Tens de levar tudo ao extremo,
tens de ter todas as sensações.
A torre cai. 
Tu cais.
Escombros. 

A vibração atinge um nível equilibrado. 

Vamos embora.
Um passo para a frente e dois para trás.

quarta-feira, abril 06, 2022

segunda-feira, abril 04, 2022

Crypto

 The end of life as she knew it.

domingo, abril 03, 2022

Acto 1

 "Tinhas alguma ordem lógica aqui?" - Ela olhou para ele com um ar confuso. Não será óbvio que tinha uma ordem na organização dos seus livros? Quem é ele para chegar à estante dela e começar a mexer nos livros todos à procura dos que tinham dedicatória? Quem é ele? Ninguém. As dedicatórias eram dela. Bastou um milissegundo para se aperceber das falsas convicções que alimentou nos últimos meses. O vidro partiu-se aos bocadinhos, a magia morreu. E agora? Agora inicia-se o teatro. 

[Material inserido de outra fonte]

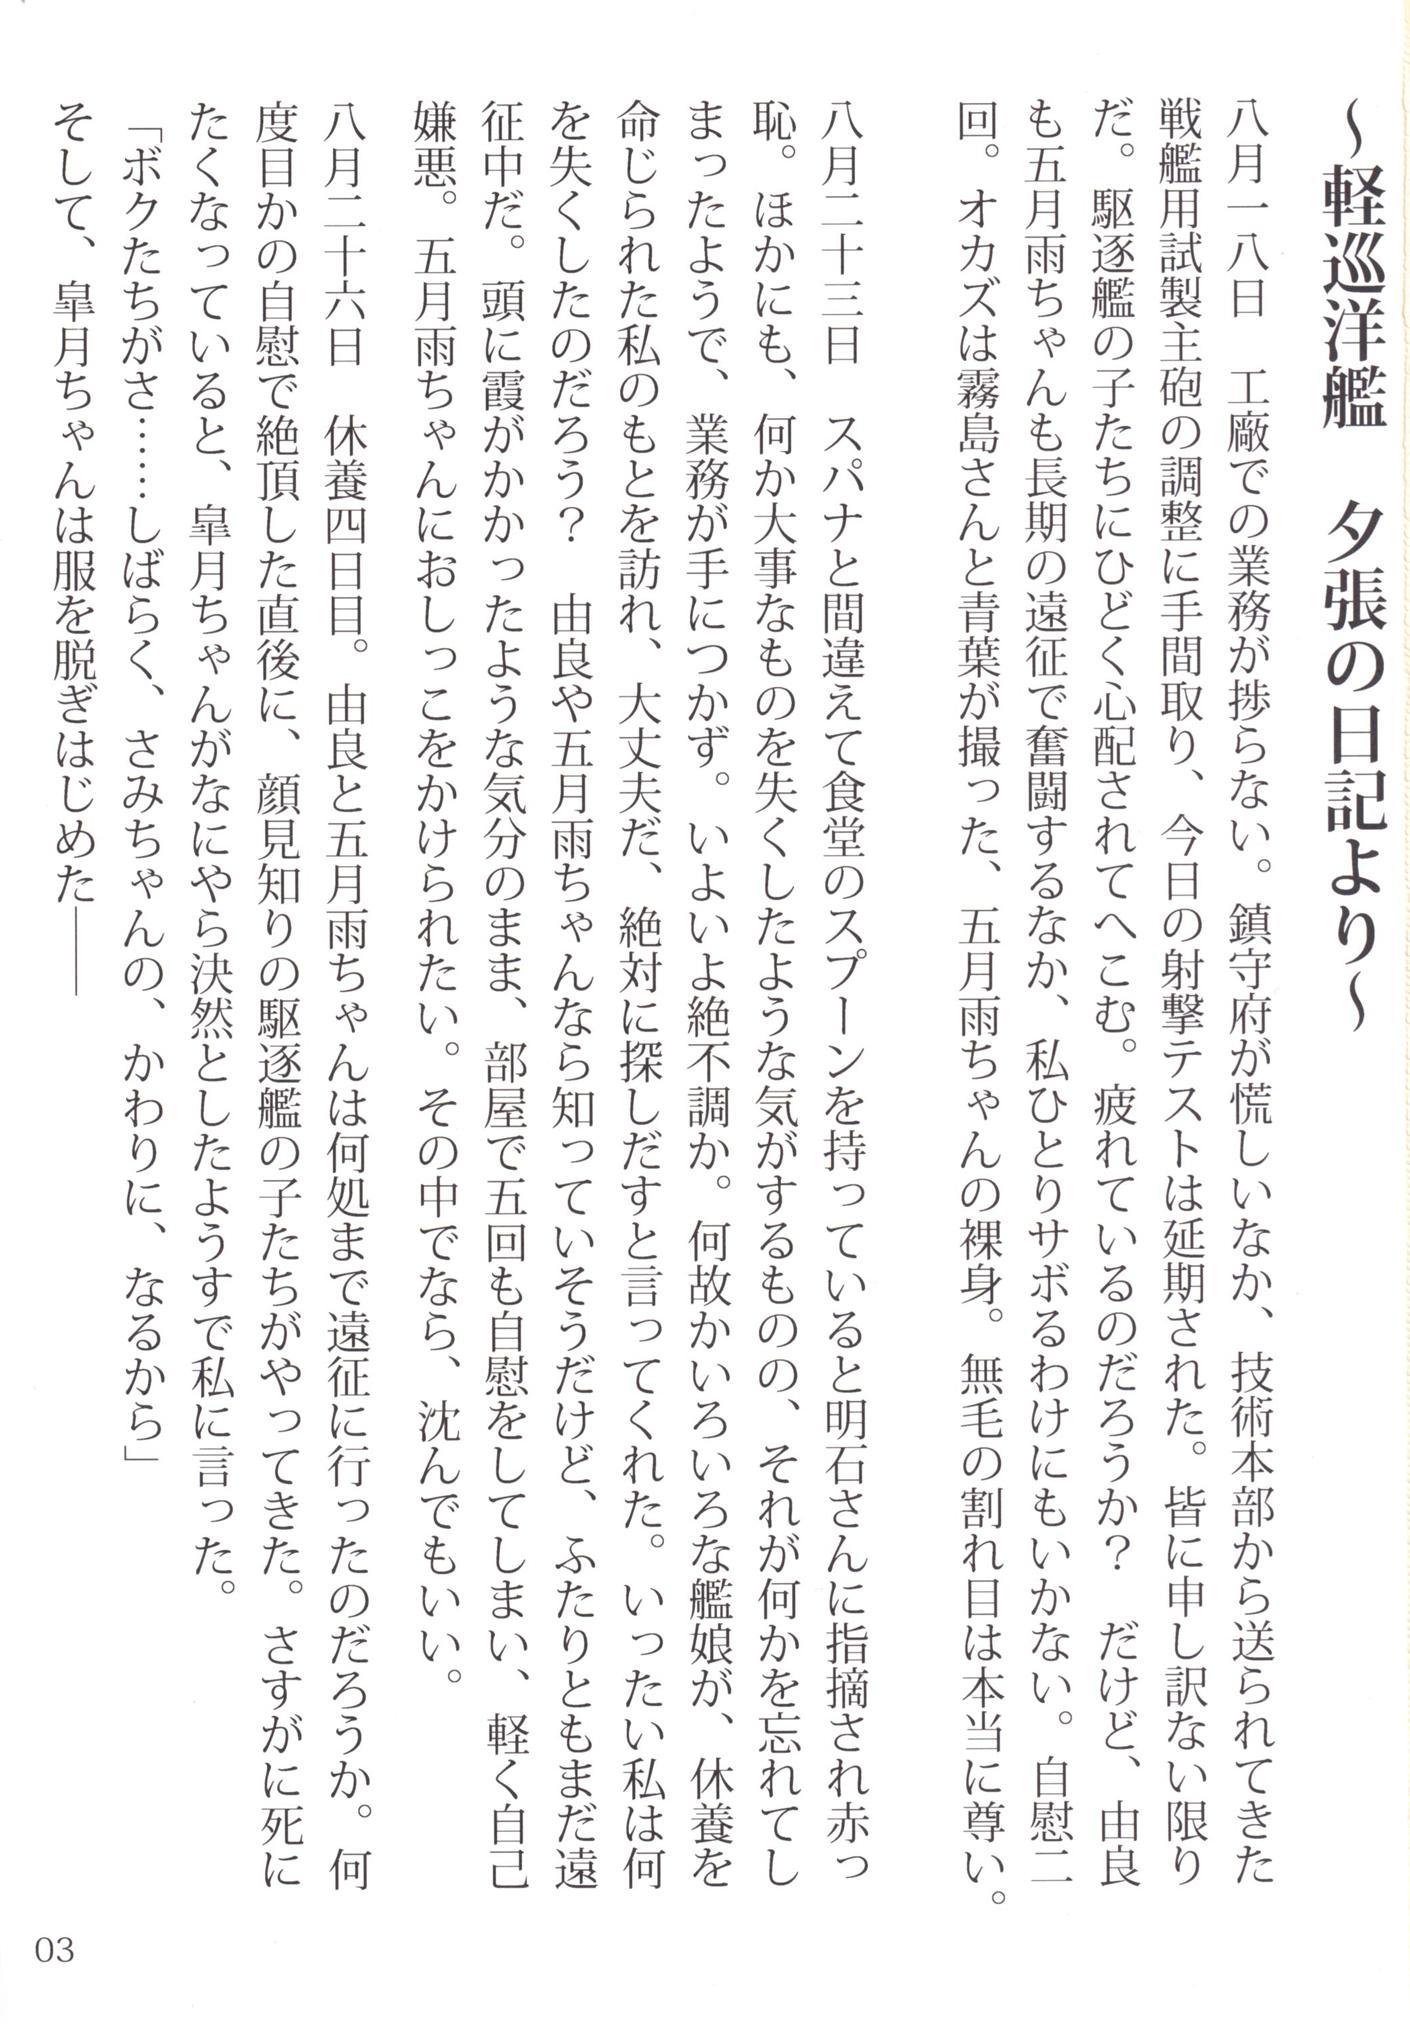 Oshikkollection Kuchikukan Hen San 1
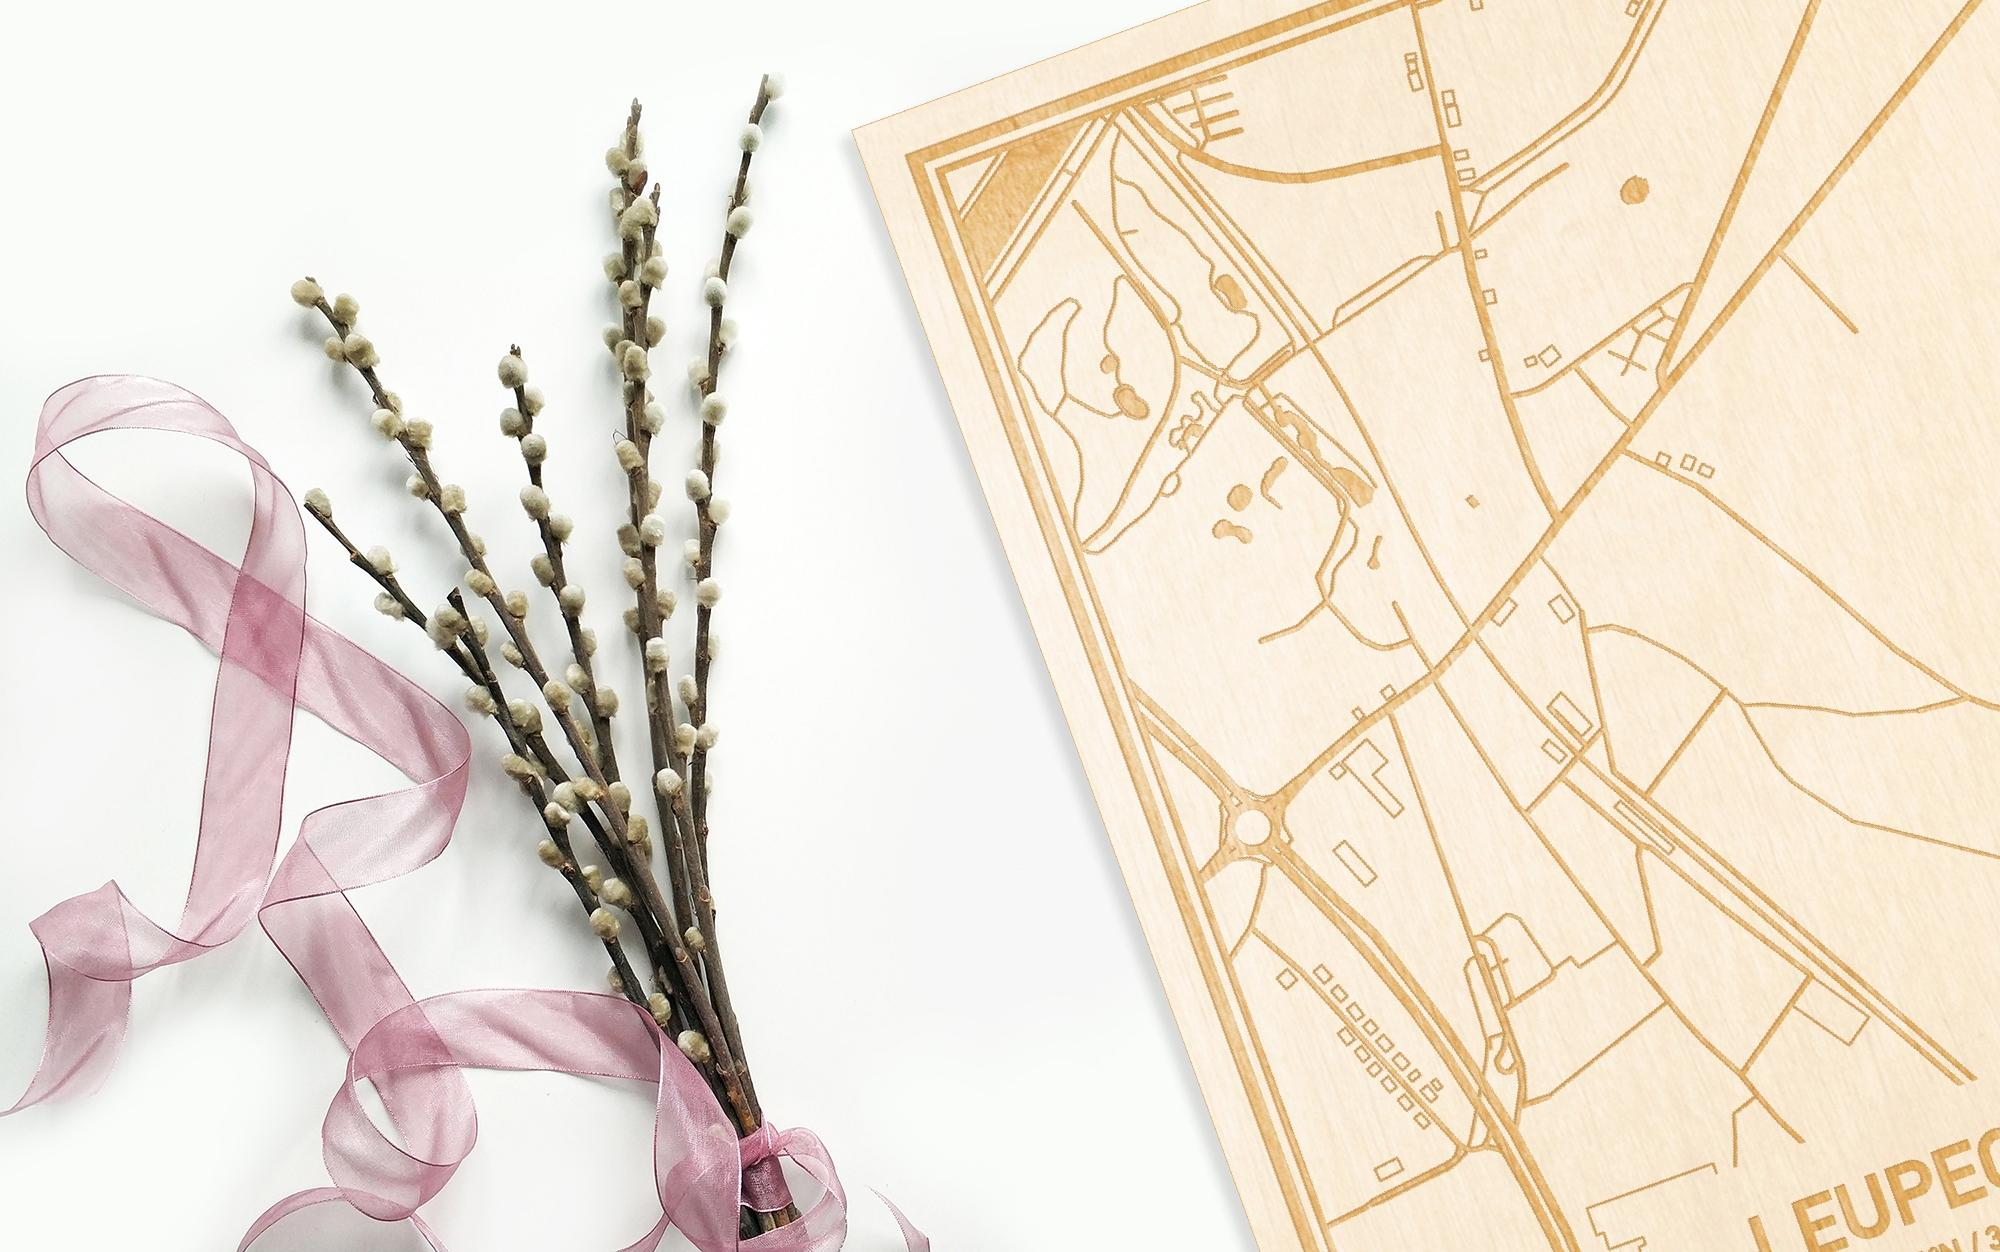 Hier ligt de houten plattegrond Leupegem naast een bloemetje als gepersonaliseerd cadeau voor haar.

"Hey i like your pictures what are you looking for" - ela disse-lhe que procurava sinais de pontuação. Ele respondeu que estava à procura de amigos e perguntou-lhe de onde é que ela era. Ela ficou incrédula a olhar para o telefone tentando processar tamanha lerdeza. Lerdeza. Que palavra. Não respondeu mais. A narrativa ficou pelo prólogo. 


"Buongiorno principessa" - ok. Querido. Meh. Formalmente sim, tudo o que fez foi atencioso. Ela sente-se desconfortável com coisas que ele diz. Infelizmente não consegue engrenar da mesma forma que ele. Receia que em breve ele lhe faça um convite. Ela vai dizer que sim. Ele tem um cérebro interessante e da última vez que se viram as horas voaram. Risos, poemas e cervejas. Ele gostou dela. Ela sentiu. Gostava de ser tua amiga. E agora? Agora inicia-se a escrita da peça. Vai correr mal. Que se foda. 


"A tua voz não é nada o que eu estava à espera" - ela também não estava à espera de sorrir quando ouviu a voz dele pela primeira vez. Assim é mais fácil. Mensagens de voz sem ter muito tempo para pensar e repensar no que se vai dizer. Tudo a correr bem? Sim. Combina o copo, vá. Tempo passa. Conversa esgota-se. Tic tac. Já não vai dar. Não, não iniciou o teatro desta vez. Ele tinha qualquer coisa. Ela ergue a muralha. Peça fica por escrever.


Acto 2

sexta-feira, abril 01, 2022

Ómicron

No outro dia comecei a contar uma história. 
Uma história que ficou inacabada, sem final triste, feliz ou neutro. 

Já devia haver um vírus a percorrer as minhas células.
As ideias ficaram turvas,
as palavras deixaram de se formar
e restou uma opção: hibernar. 

Quem diria que uma hibernação primaveril seria sinónimo de serendipidade?

Talvez tenham sido as alucinações causadas pelo estado febril,
talvez as epifanias transportadas por filmes aleatórios,
talvez as músicas que foram revisitadas numa condição cerebral débil. 

Não sei. Sei muito pouca coisa. 

Vieste em boa hora, Ómicron. 
Juntar um pouco mais de simbolismo ao processo. 
Mais uns dias e a metamorfose completa-se. 
Cada vez mais acho piada a esta capacidade.
E a Kausalketten, também acho cada vez mais piada a Kausalketten.